The college and K12 in 2010 signed a joint venture agreement to create Middlebury Interactive Languages, or MIL, a language learning program provider for K-12 students and teachers interested in professional development. Five years later, MIL has more than 200,000 learners, according to a recent tally.

Middlebury, which owns a 40 percent stake in the company bearing its name, has a strong reputation for high-quality language learning programs. MIL was seen as a strategic move for the college to expand its reach online -- and perhaps create a new revenue stream -- but the choice of a for-profit partner gave some faculty members pause.

Those doubts never quite dissipated. As recently as May 2014, faculty members voted 95-16 in favor of a nonbinding resolution that urged college leadership to end the partnership with K12, saying its business practices were “at odds with the integrity, reputation and educational mission of the college.”

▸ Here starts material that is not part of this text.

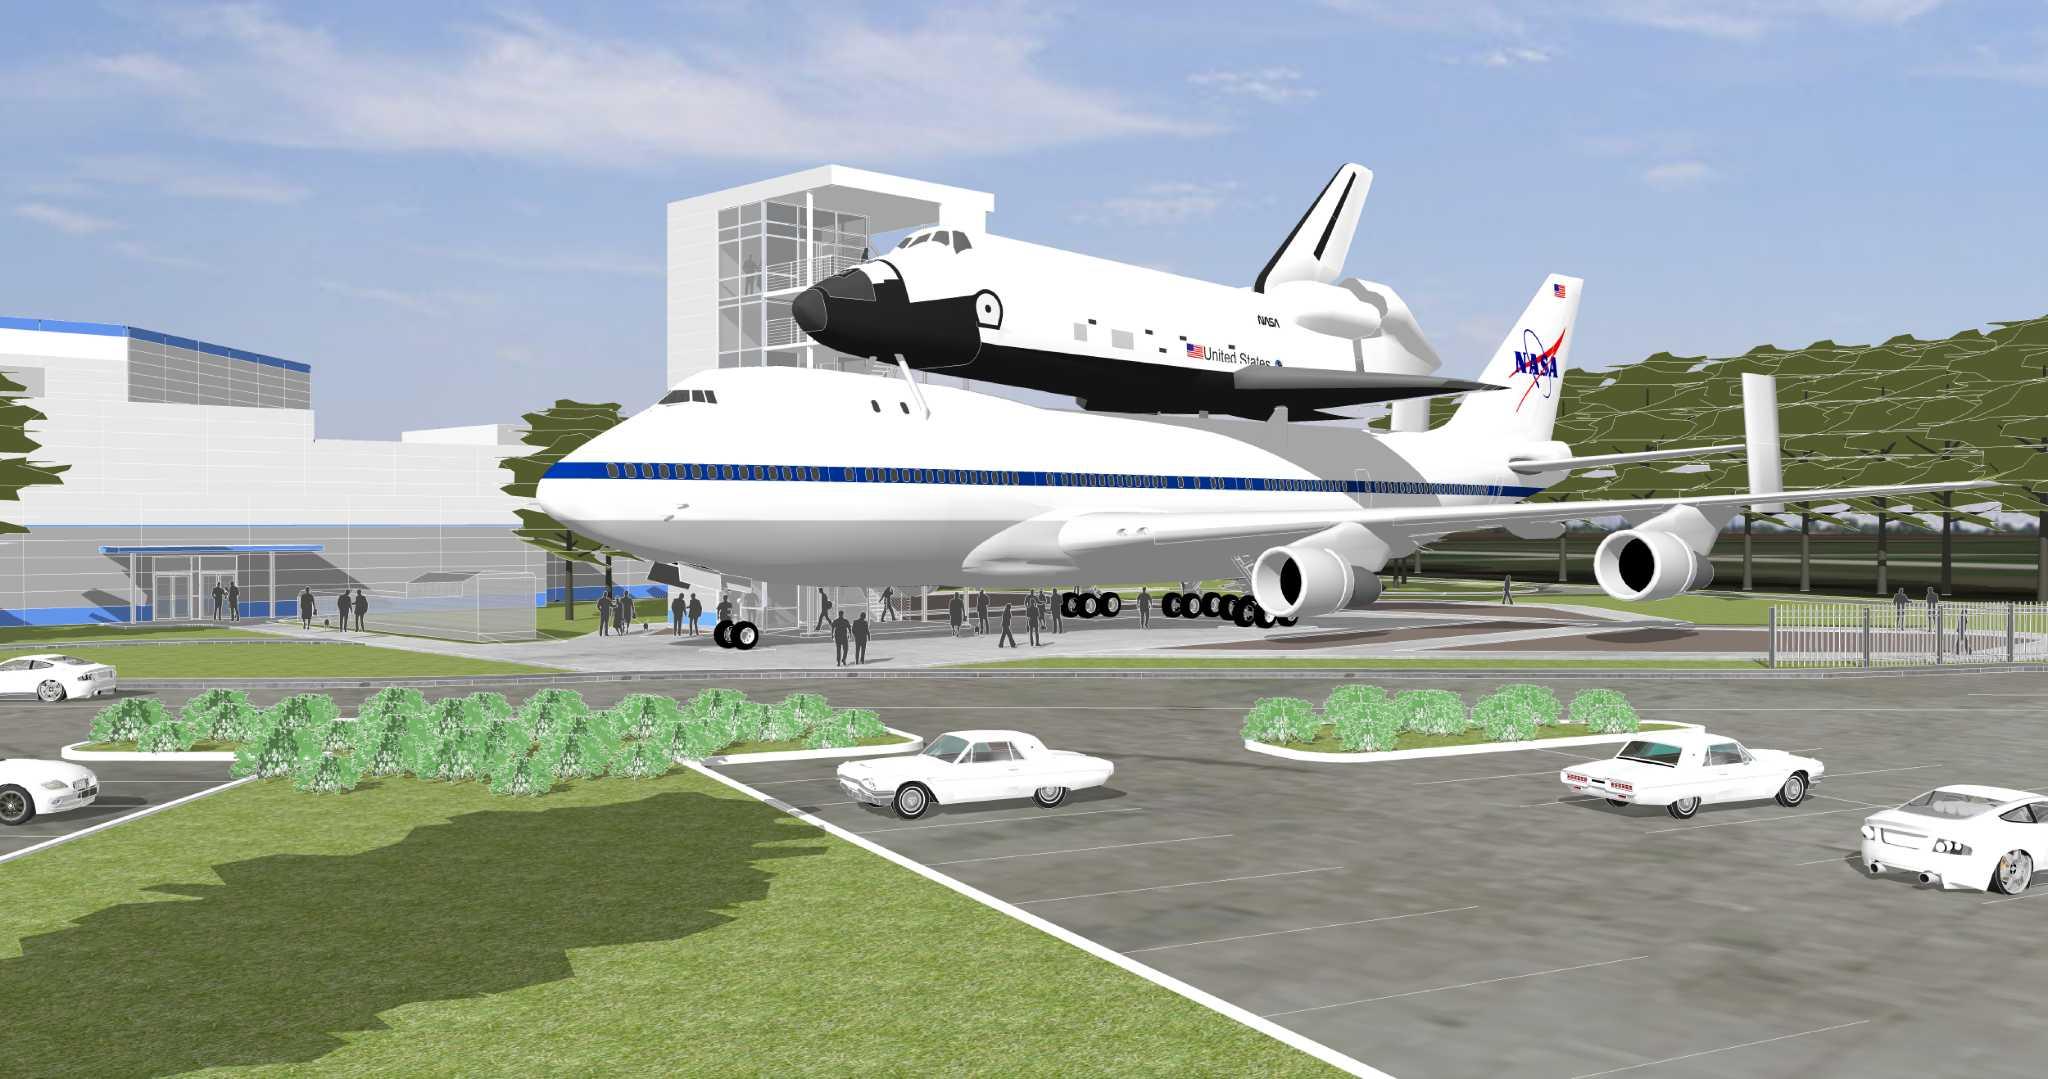 Space Center Houston hoisting shuttle replica onto top of ...

Questions about the educational fit arose again earlier this month after the college announced its intent to sell its stake in the company. One Middlebury administrator, asking not to be named, said learners showed little interest in programs other than Spanish and English as a second language. From a pedagogical standpoint, the administrator said, those demands were not of that much interest to faculty members at Middlebury, a college that offers programs in Arabic, Hebrew and Portuguese, among other languages.

The college also alluded to those differences in opinion in a press release. “Going forward, MIL will be able to chart its own strategic course without having to balance the different priorities of two owners,” it reads.

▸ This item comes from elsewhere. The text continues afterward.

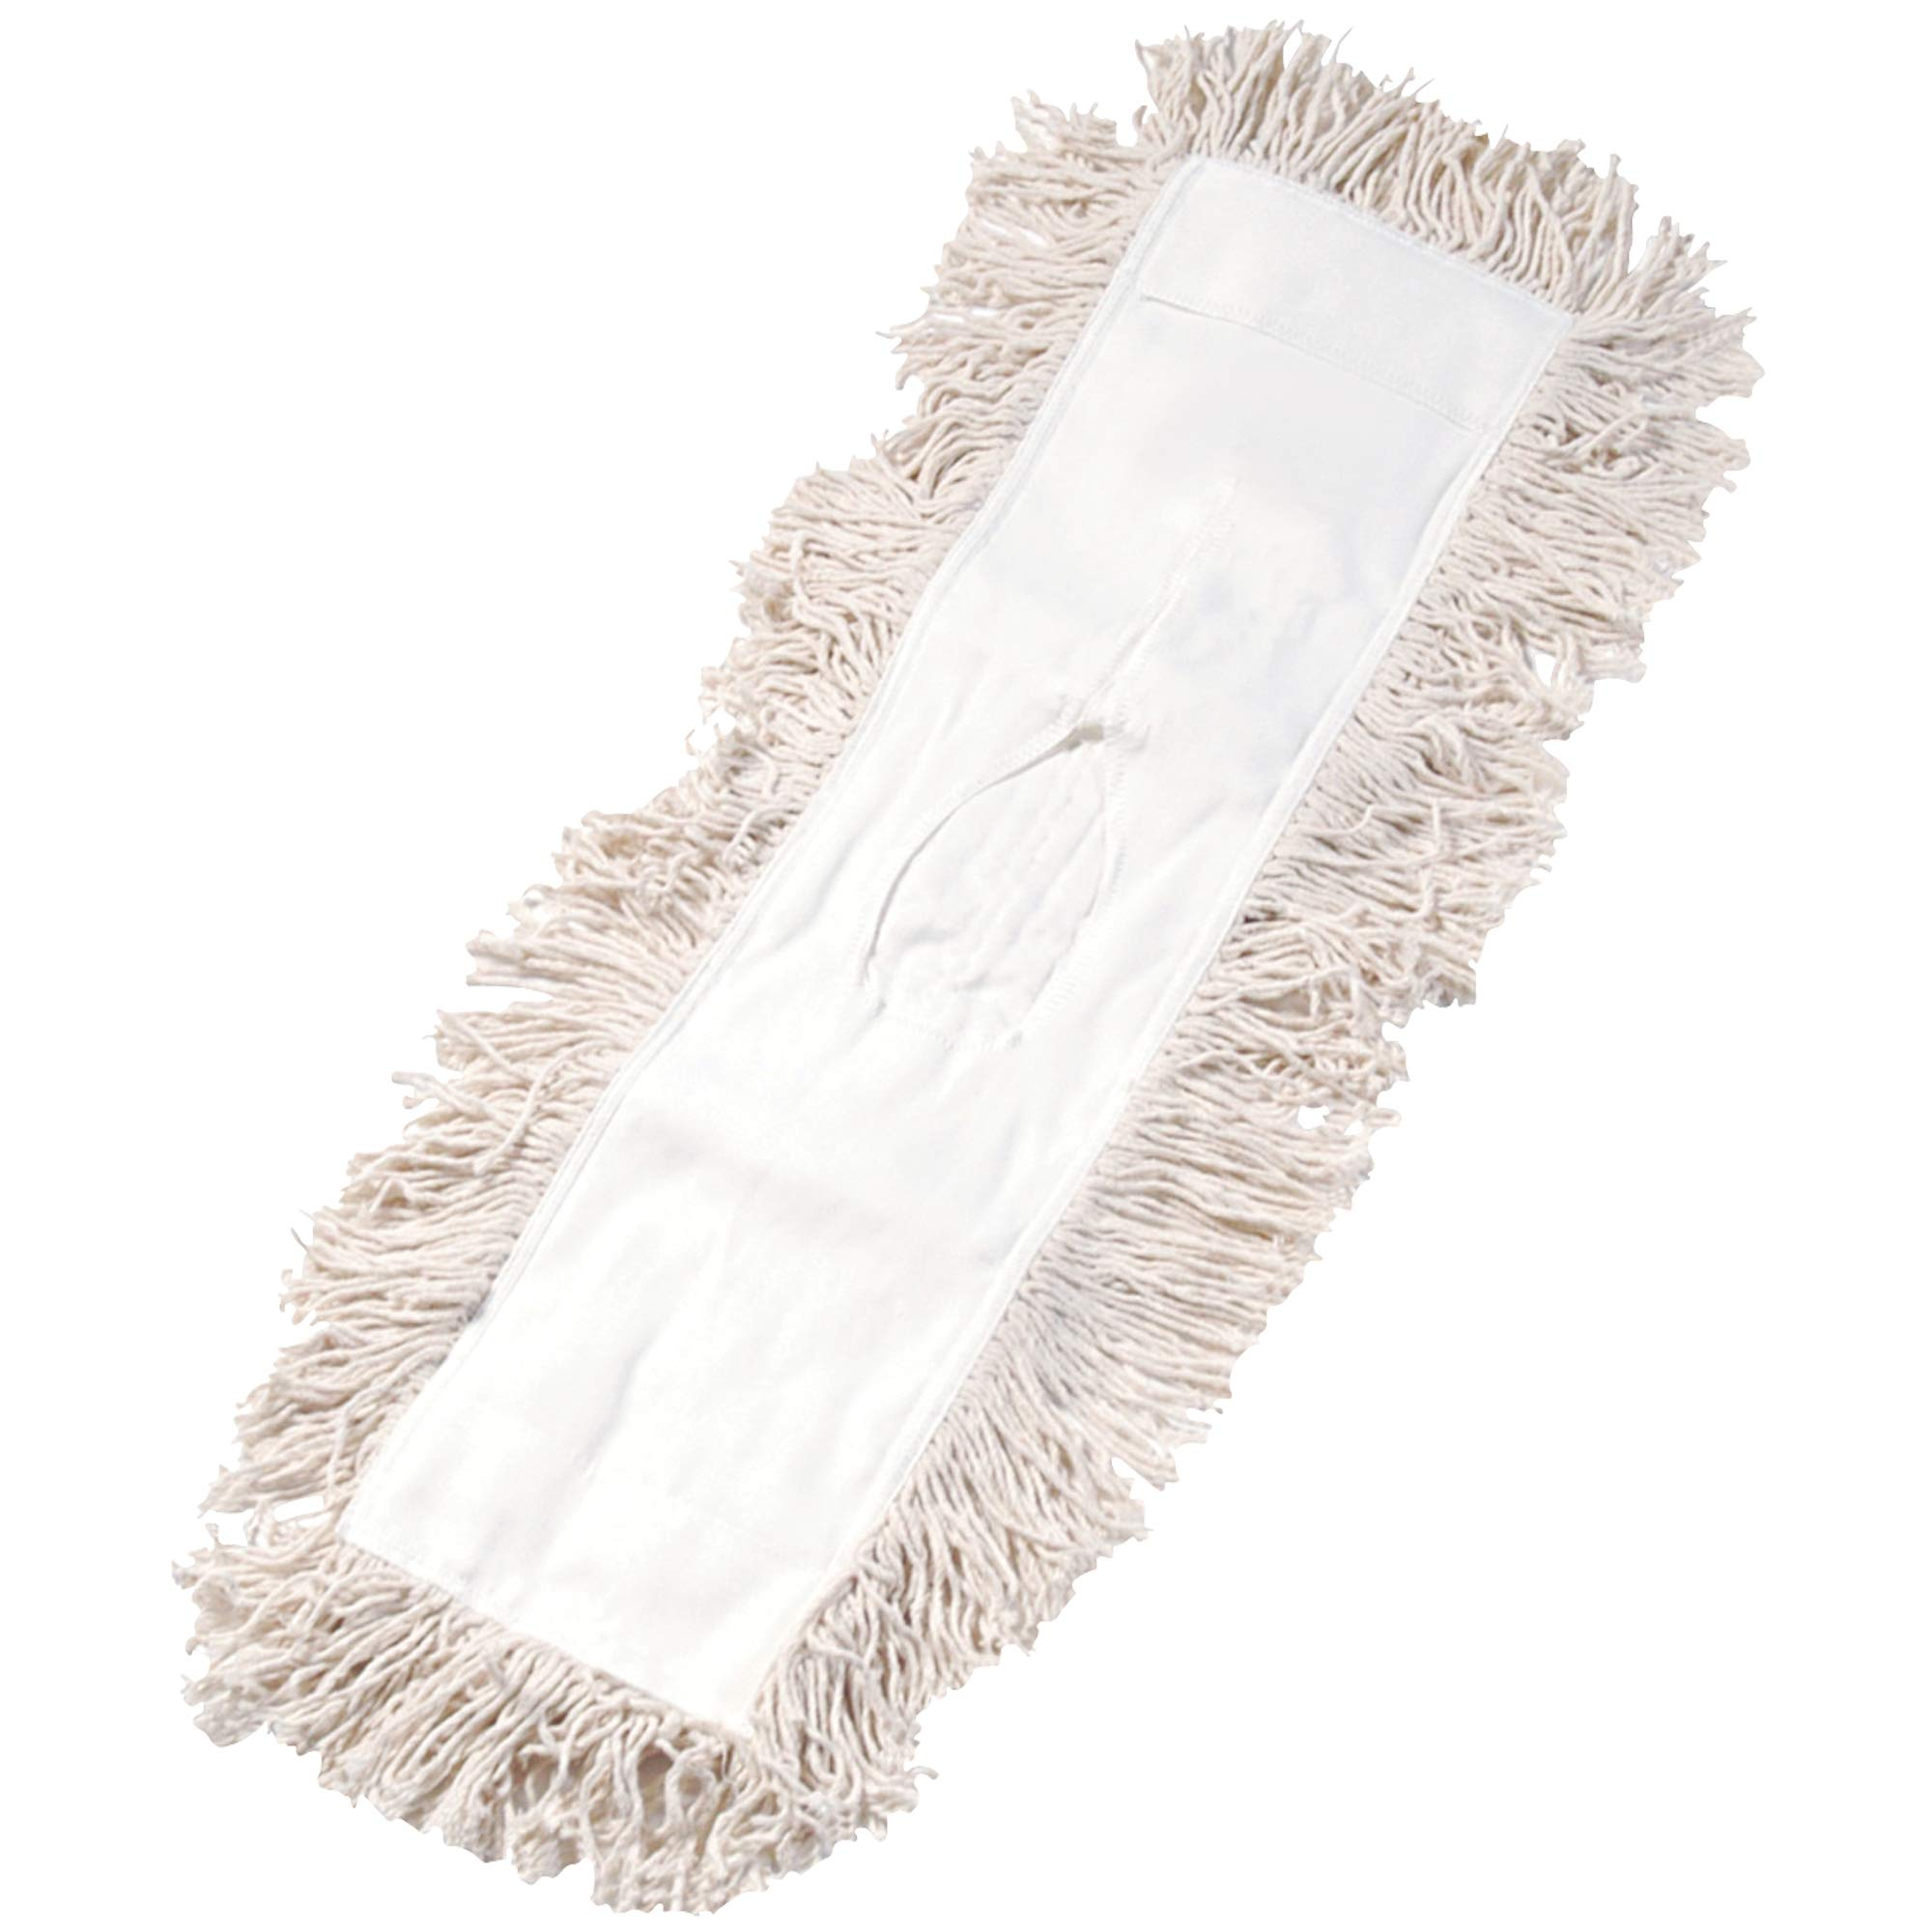 Economy Cut-End Dust Mop Head, 24'', White, 1/Each

Bill Burger, vice president for communications and marketing at Middlebury, was quick to stress that the college neither got into the partnership nor left it primarily for financial reasons.

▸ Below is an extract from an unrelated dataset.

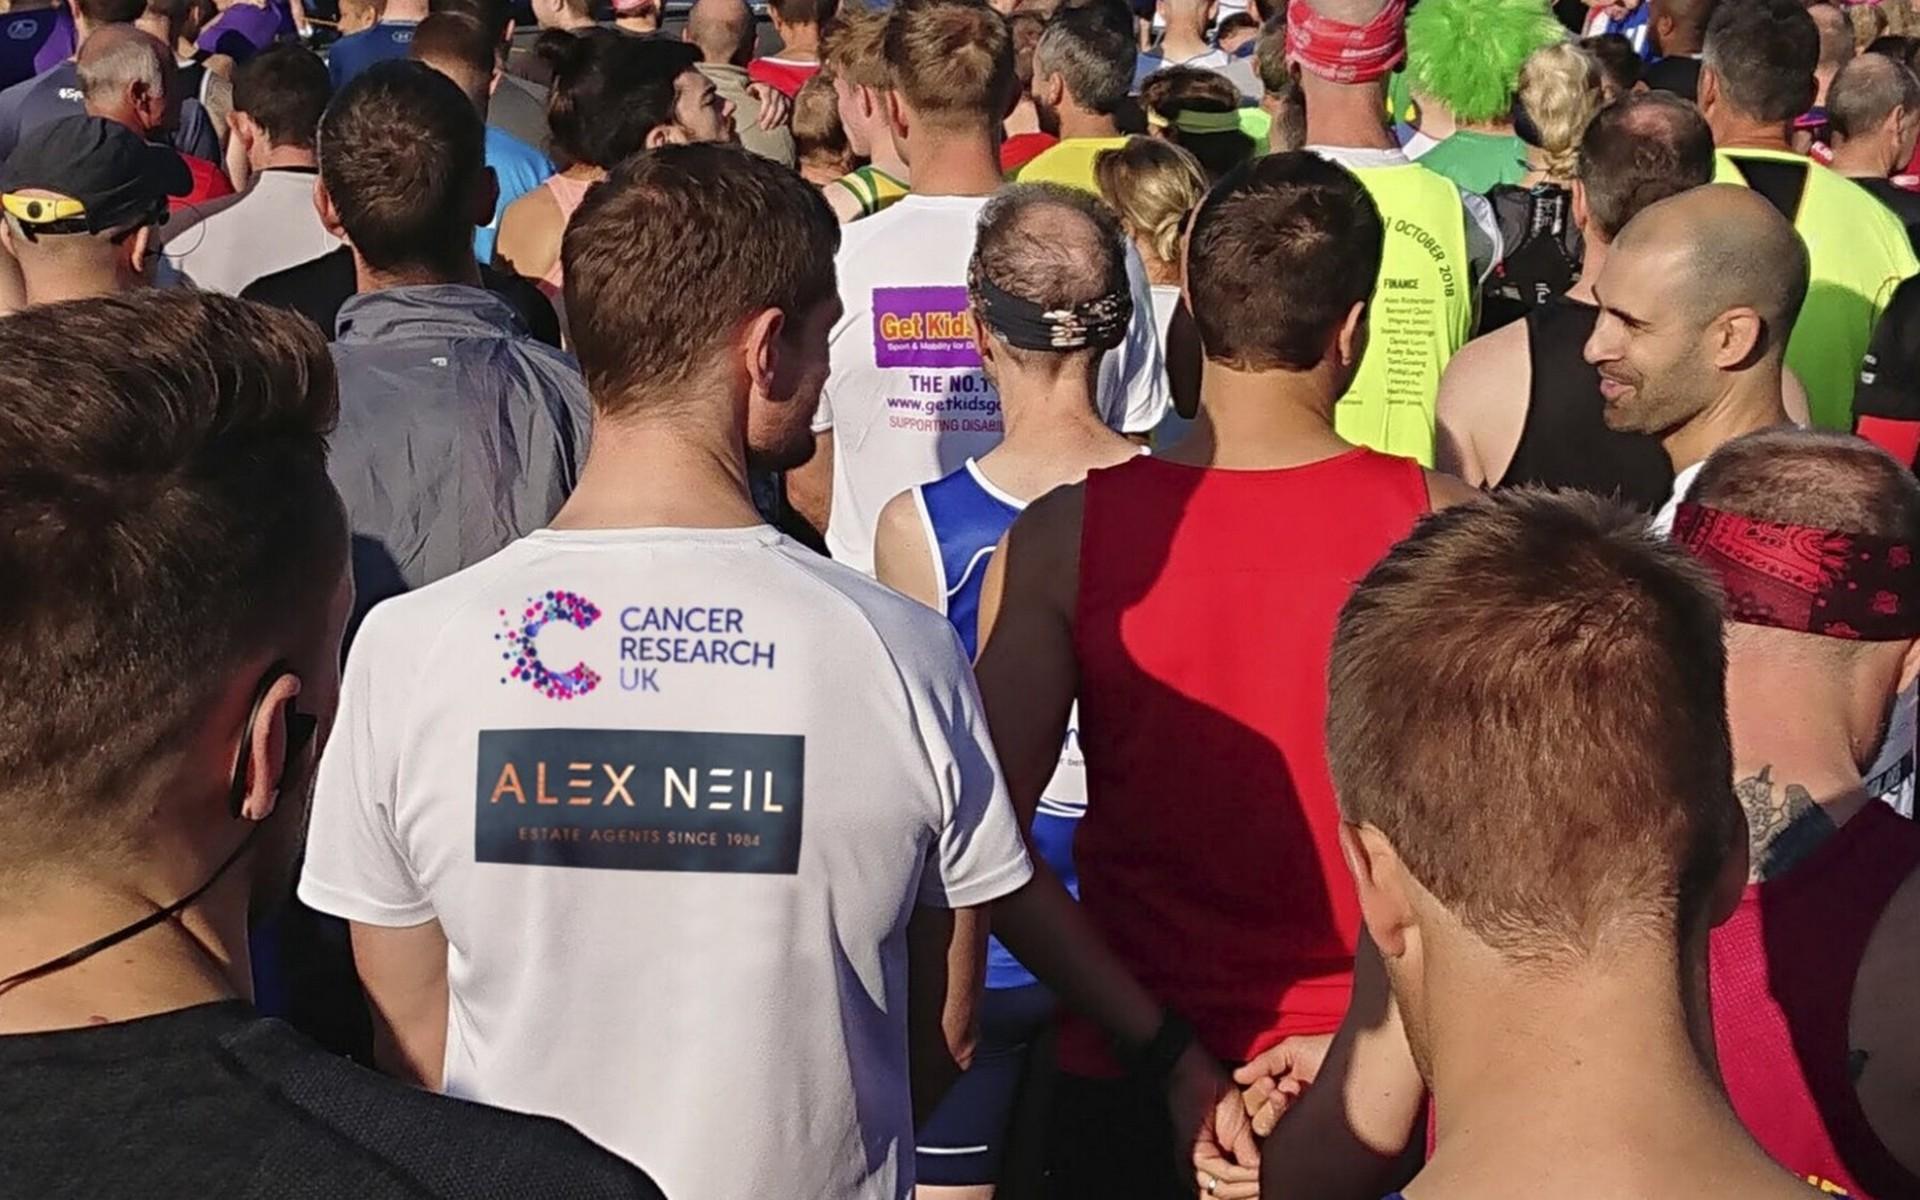 Alex Neil's Cancer Research Running Team

“We invested for a number of reasons,” Burger said. “The additional revenue stream was not the primary driver. The primary driver was really to get involved in a way that would allow Middlebury to learn firsthand how different methods of online language education would work from a product standpoint and in the marketplace.”

The college invested a total of $5 million into MIL, Burger said, adding, “We are confident that the current value of our share in the company exceeds the amount we invested.”

Neither does the sale represent Middlebury backing off from online education, Burger said. The college recently hired Amy Collier, a key player in Stanford University’s many online education experiments, to fill the role of associate provost for digital learning. Collier previously served as Stanford’s director of digital learning initiatives, among other roles.

“We are definitely beefing up our plans to pursue a number of digital learning initiatives, and Amy will be a key player in making that happen,” Burger said. Collier declined further comment.

Before the sale can go through, however, Middlebury and K12 need to settle on how to wind down the partnership. That includes deciding what the company will be known as in the future. Middlebury signed a licensing agreement with K12 in which it traded the use of its name for the right to review content before it hit the market. The agreement is still valid after the sale, but Middlebury may not want its name associated with a company it doesn't own a stake in.

Both the college and the company said they expect that issue to be resolved in the coming months, and that no naming decision has been made yet. The sale is expected to close before the end of the year, spokespeople for both parties said.